Report a vulnerability

Please describe in your report as clearly as possible how the issue can be reproduced; this helps us resolve it quickly. In most cases, the IP address or URL of the affected system and a description of the vulnerability will suffice. For more complex vulnerabilities, additional information may be required. If you choose to leave your contact details, we will get in touch with you.

Please make sure that:

You report the vulnerability as soon as possible after discovering it.
You do not share information about the security issue with others until you hear from us or the issue has been resolved.
You handle knowledge of the security issue responsibly, for example by not performing any actions beyond what is necessary to demonstrate the vulnerability.

What should you avoid?

Always refrain from the following actions:

- Installing malware
- Copying, modifying, or deleting data from a system
- Making changes to the system
- Repeatedly accessing the system or sharing access with others
- Using brute force to gain access to a system
- Using denial-of-service attacks or social engineering techniques

Report a vulnerability

Principles of Our Policy

When you report a vulnerability in accordance with the procedure, we have no reason to impose legal consequences related to your report. We treat your report confidentially and do not share personal data with third parties without your consent, unless required by law or by court order.

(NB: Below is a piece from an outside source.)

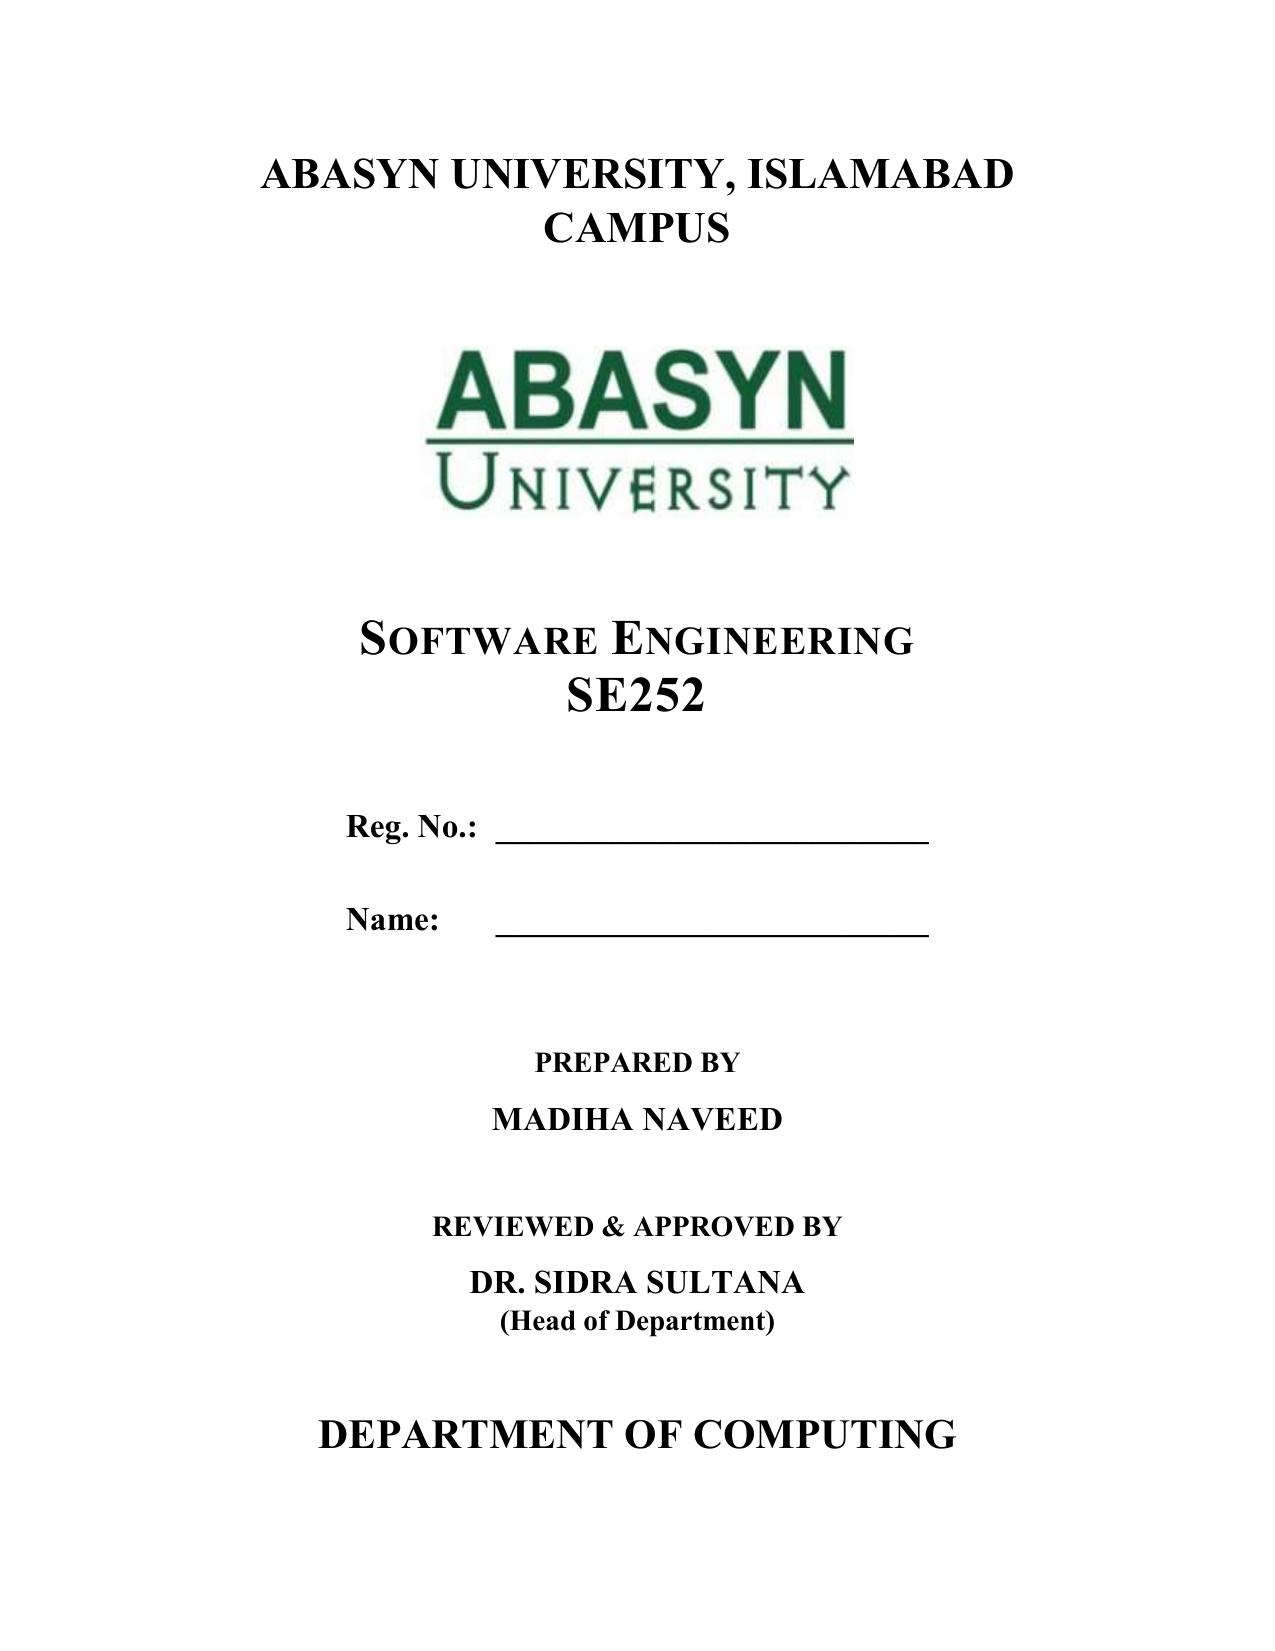 Se252 Se Lab Manual V 0 1

We will only mention your name as the discoverer of the reported vulnerability with your explicit permission.

You will receive an acknowledgment of receipt within one working day. Within 15 working days, we will respond to your report with an assessment. We will keep you informed about the progress of resolving the issue.

Intergas Verwarming BV aims to resolve the reported security issue in a system within 60 days. In consultation with you, we will determine whether and how the issue will be publicly disclosed after it has been resolved.